Opportunity for transformation
Covid changed something important, Patel said. “The basic structure of South Africa’s economy needs to be transformed from a 19th century exploitative, low wage, high carbon, extractive economy, to a new economy that aligns local comparative strengths with the need to build inclusivity and resilience.”
“We can’t just hope to bounce back from the pandemic to the old normal – a bygone era that some of the members of the opposition appear to yearn for. Because Covid-19 has caused so much economic destruction it requires us to build back differently.”
This includes the expanding of factories to excel in advanced and flexible manufacturing, while adding more locally-manufactured components.
“That is why the detailed report-back to the nation on the Master Plan progress in the auto and clothing sectors is so important – plans developed and implemented with the full involvement of industrialists and workers.
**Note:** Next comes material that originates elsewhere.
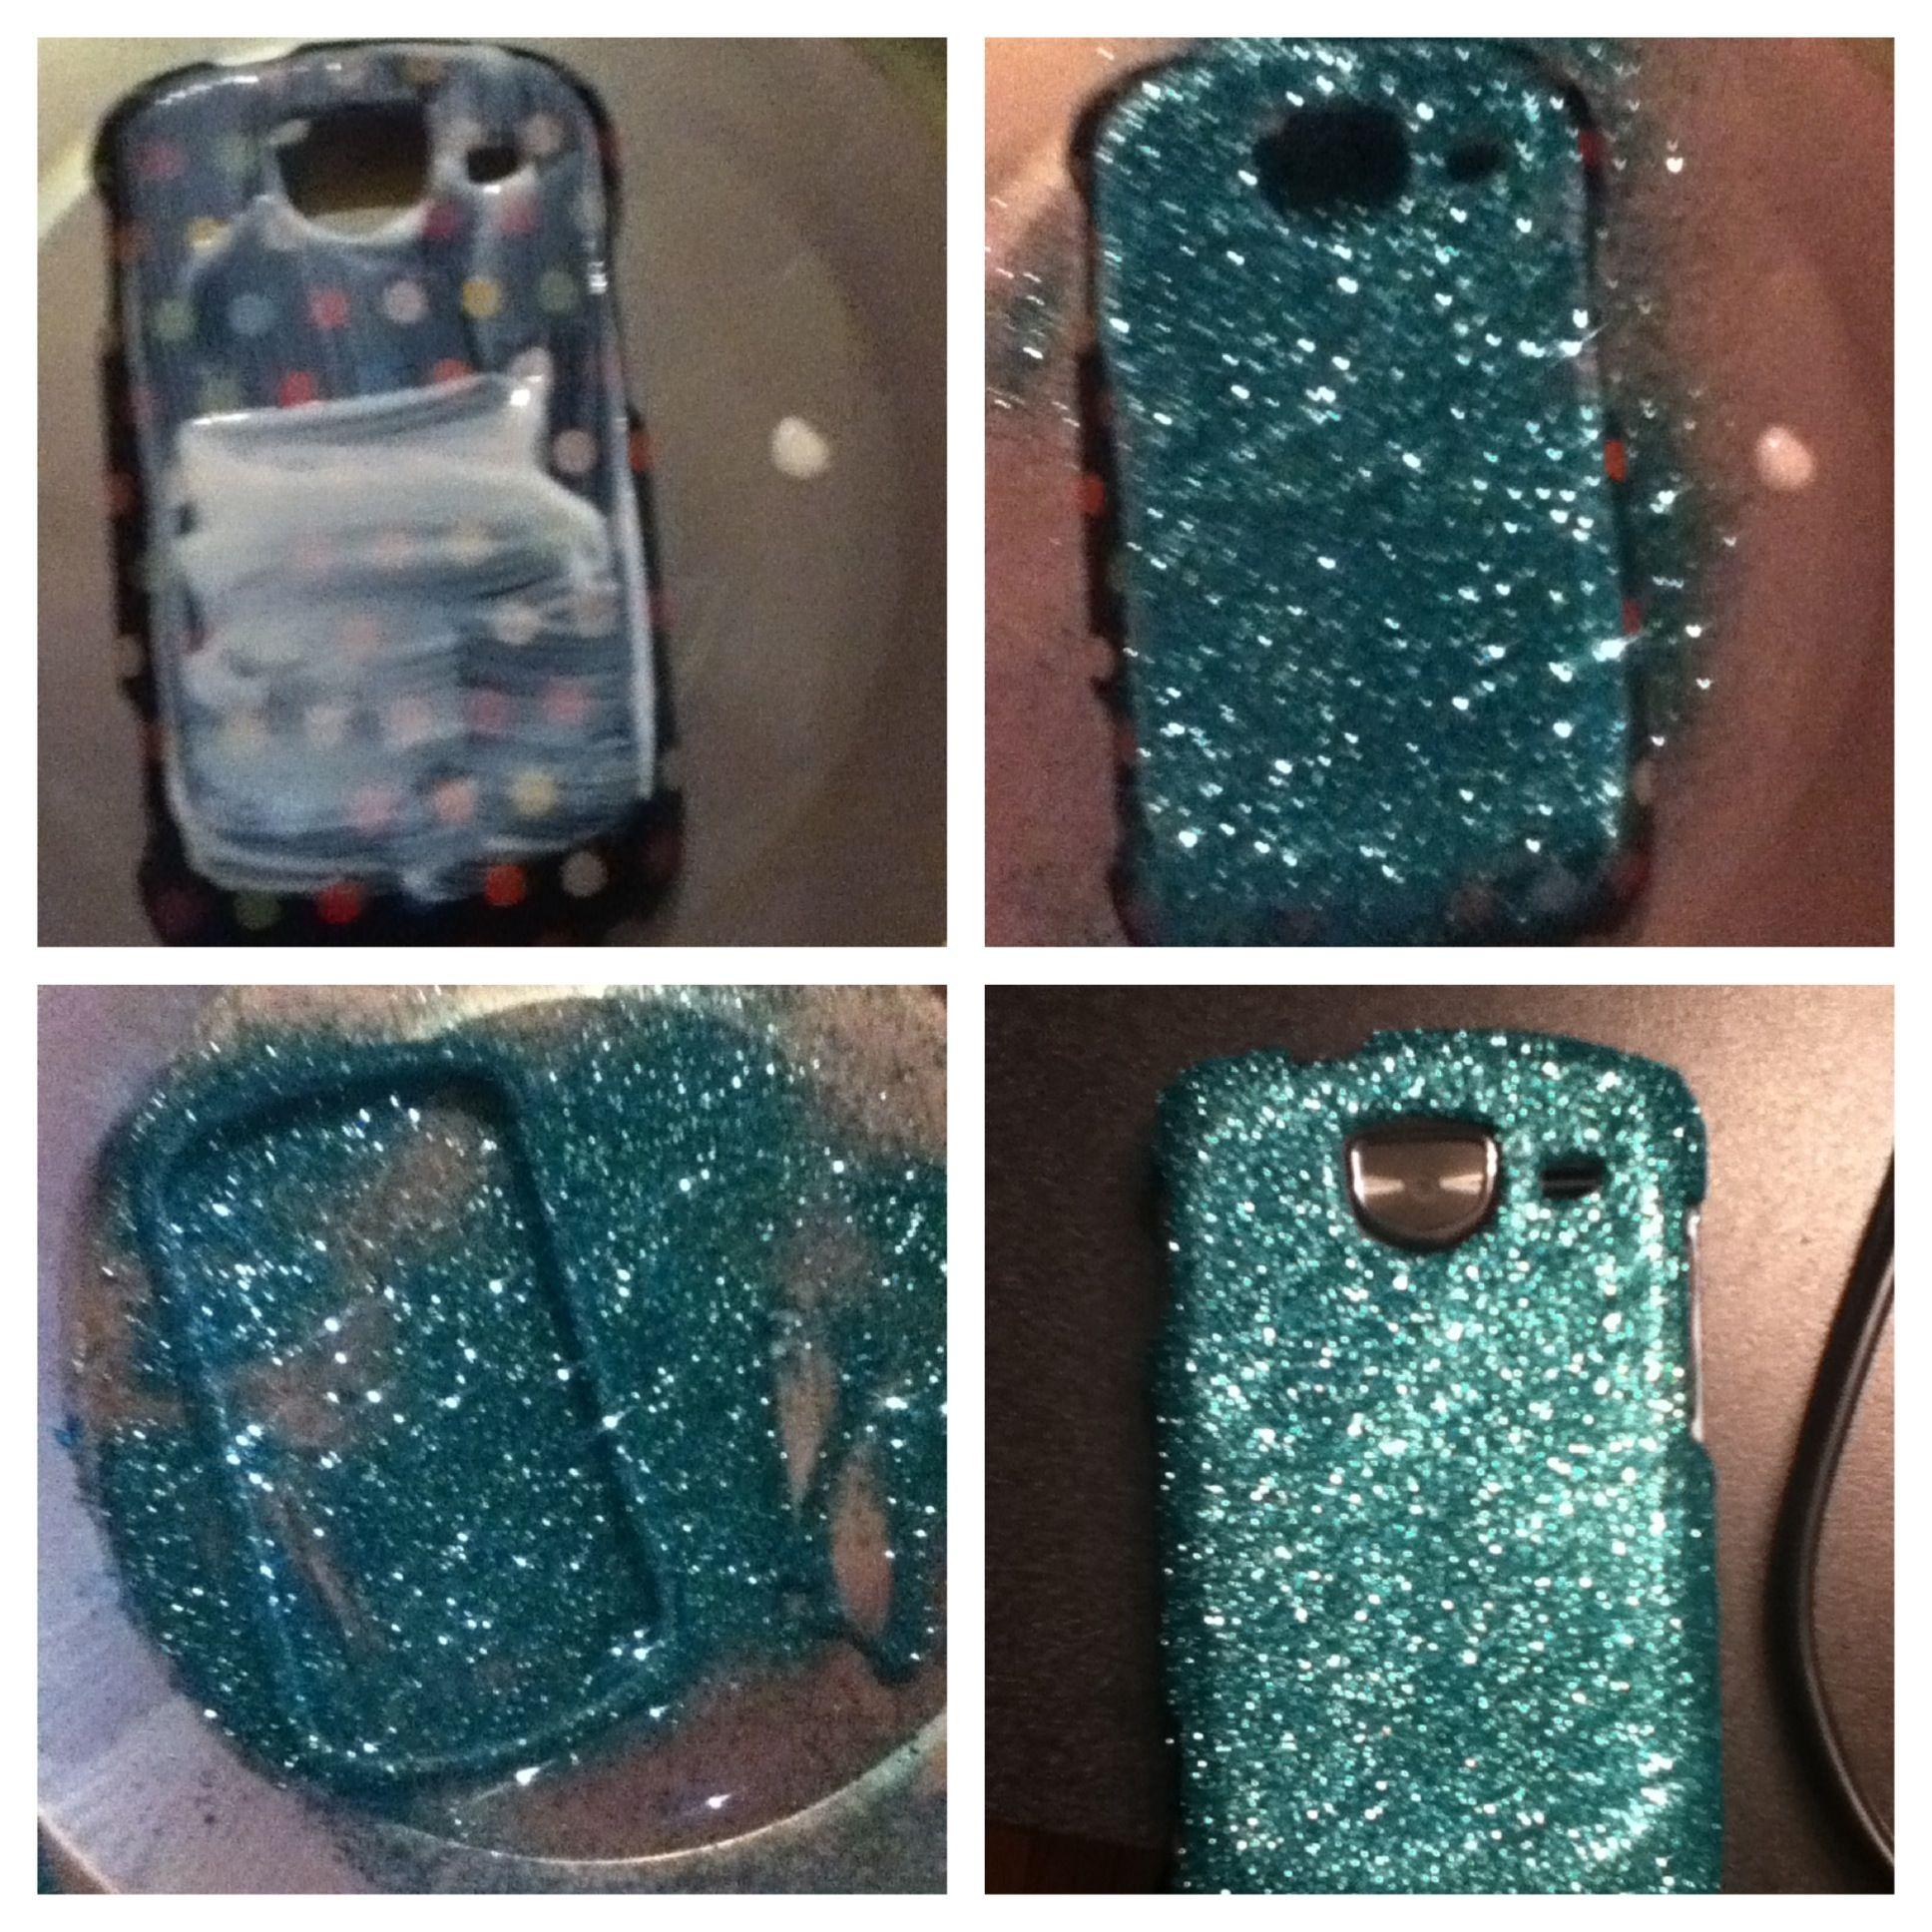 Pin By Olivia Kosloski On Crafts Diy Glitter Diy Glitter Phone Cases Mod Podge

It builds local capabilities, South African jobs and lays the platform for local suppliers.
“We are strengthening the socio-economic impact of mining and beneficiate our minerals, to take advantage of our natural mineral wealth in a very different way – a truly strategic shift, breaking the patterns of the past.
“Building new value chains from mines to market,” he said.
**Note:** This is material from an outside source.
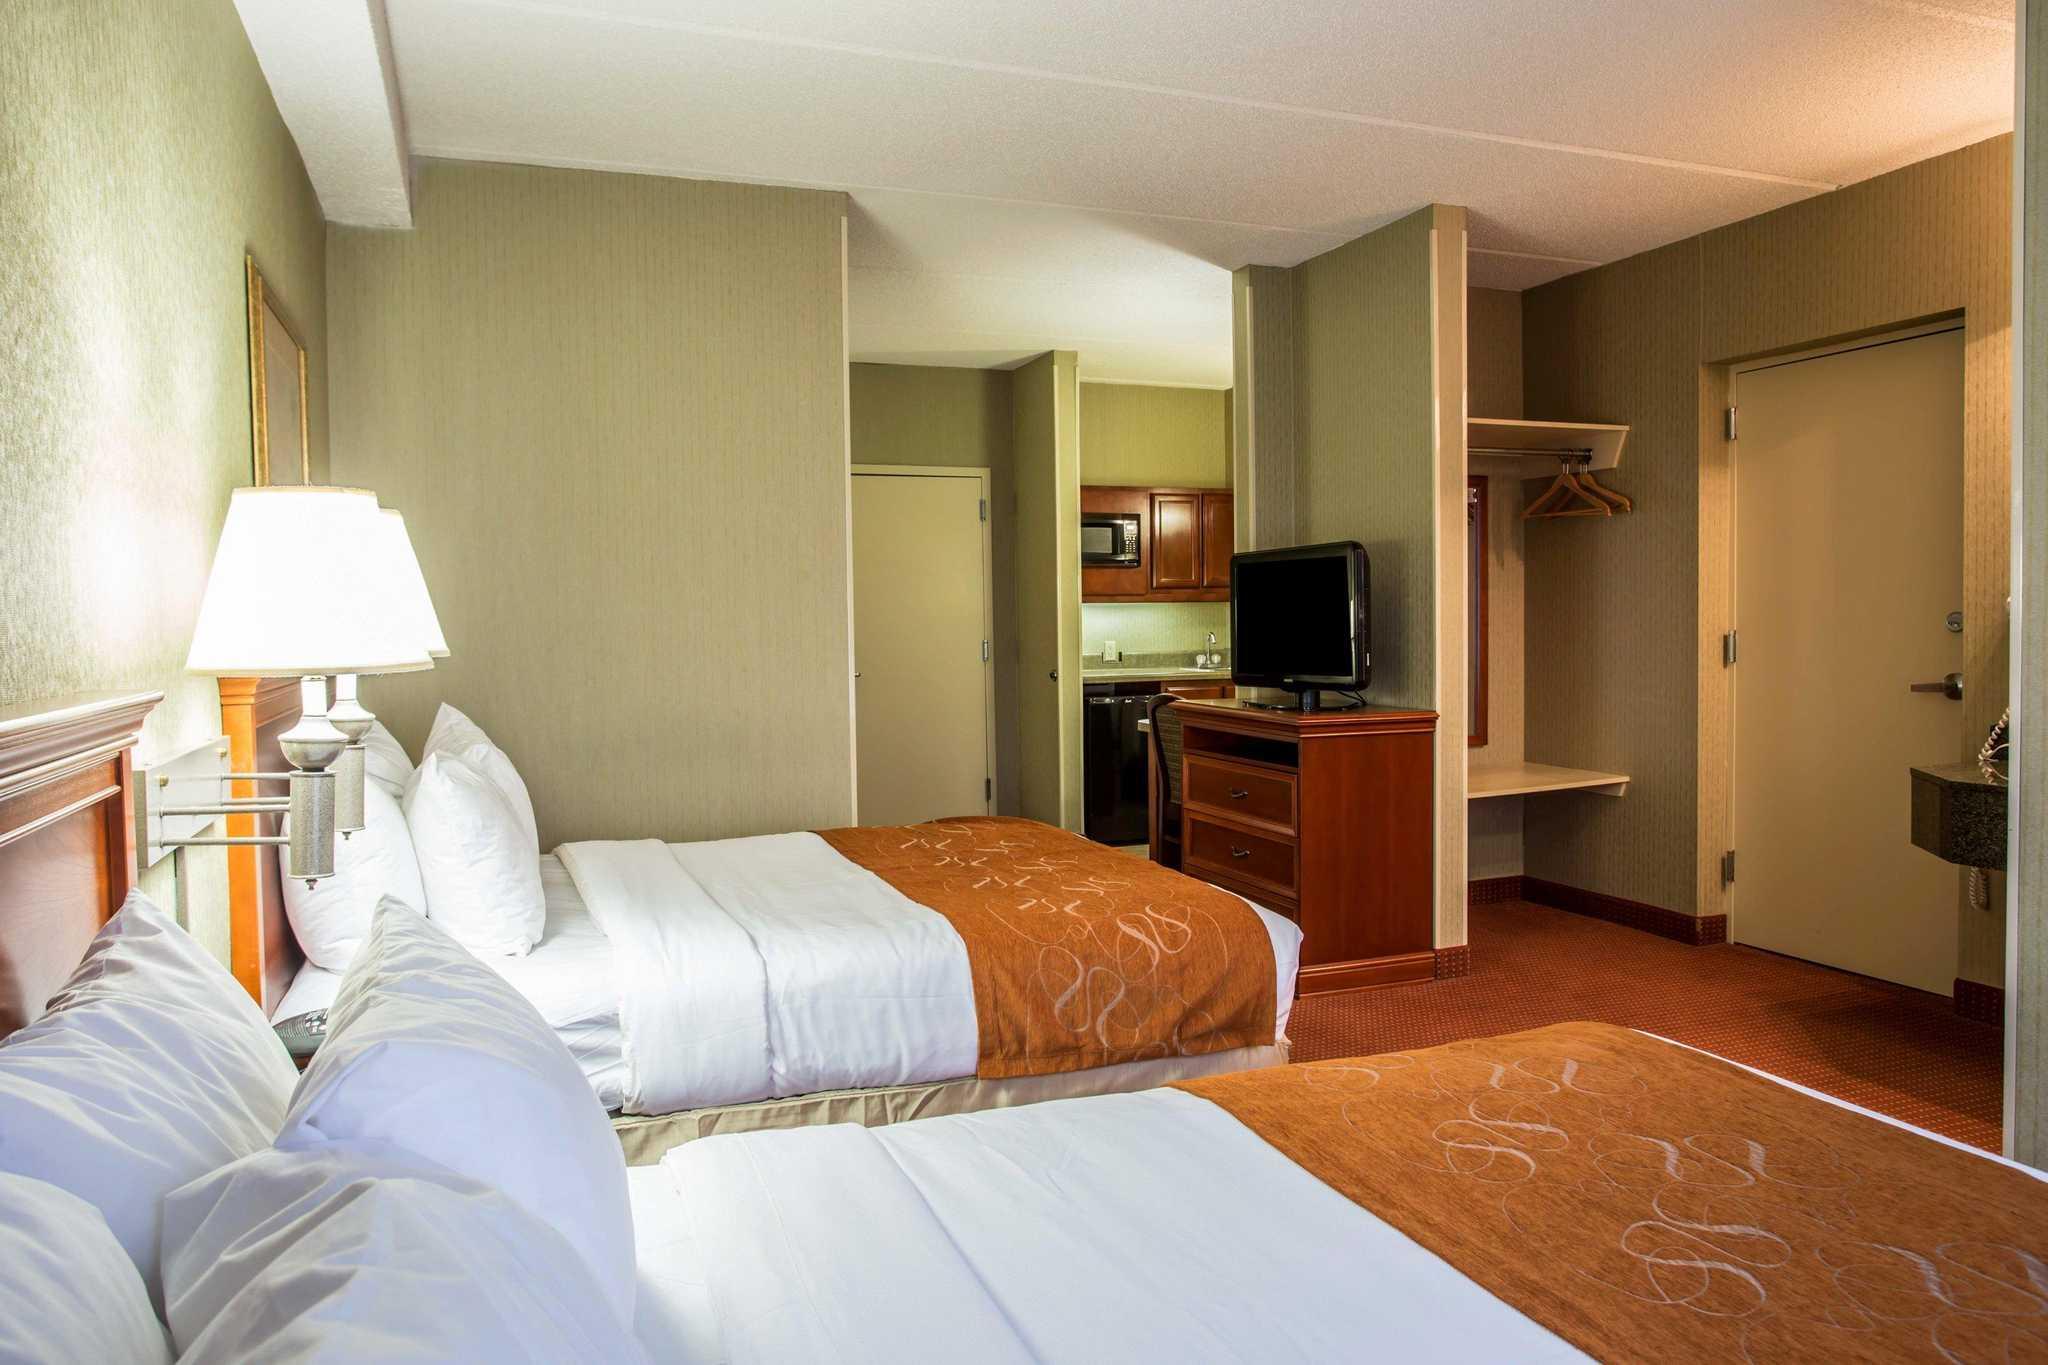 Comfort Suites Northlake image 4

“That is why the Steel Master Plan approved last week by the industry that uses local iron-ore, the scrap metal price preference system and the export tax proposals; and the big increase in export last year of catalytic converters using South African platinum, are so important.”
Patel said that the government is growing agricultural lands, and upskilling people, so that as land reform is addressed, farmers are able to feed themselves, other South Africans, and the world.
“That is why the progress with the poultry and sugar master plans were highlighted in SONA and why the 20% rise in agricultural exports last year, led by citrus sales, is so important,” he said.
“We want to build a greener economy, with new products and industries.
“That’s why the President’s reference to the South African-built hybrid vehicle, using green and diesel technologies together, to be launched by Toyota in October, is so important, like the new solar fridge and freezer built in KZN by Defy, like the opening of a new plant that beneficiates platinum and palladium to produce fuel-cells in Dube Trade Port.
“Using green energy platforms to build more component manufacturing plants.”
Patel also pointed to president Ramaphosa’s references towards a more integrated and connected Africa.
Africa, he said, imports R7 trillion of goods from elsewhere, bigger than the entire local economy – and this presents an opportunity for industry, for new industrial entrepreneurs to build sustainable businesses. He cited the following businesses:
- Thami Gxowa who exports cooler boxes to Mozambique;
- Zanele Ntsibande selling hollow core internal doors to Botswana;
- Sibu Maphatiane who exports train brake shoes to Zimbabwe;
- Doron Barnes who sells steel to the DRC;
- Ntsiki Biyela who sells wine to Ghana;
- the Montsi family which exports machine cutting tools to Mauritania.
“These are the new South African entrepreneurs. Lives improved; futures secured. Wealth shared more widely, as new opportunities are created. This is the vision of the Freedom Charter and the over-arching mandate of this government,” said minister Patel.
That is why the agreement with Coca Cola 10 days ago is significant, as it sets aside 15% of the company’s shares to its 8,000 workers, he explained.
“Add the worker ownership agreement in the Simba Chips/Pioneer Foods merger, and in less than a year, more than 20,000 workers will now have a stake in their firms, letting the people share in the country’s wealth.”
“We already have a plan,” said Patel. “We are putting it into action. SONA was a report back to the nation. It’s all about implementation. Implementation that changes lives and transforms society.”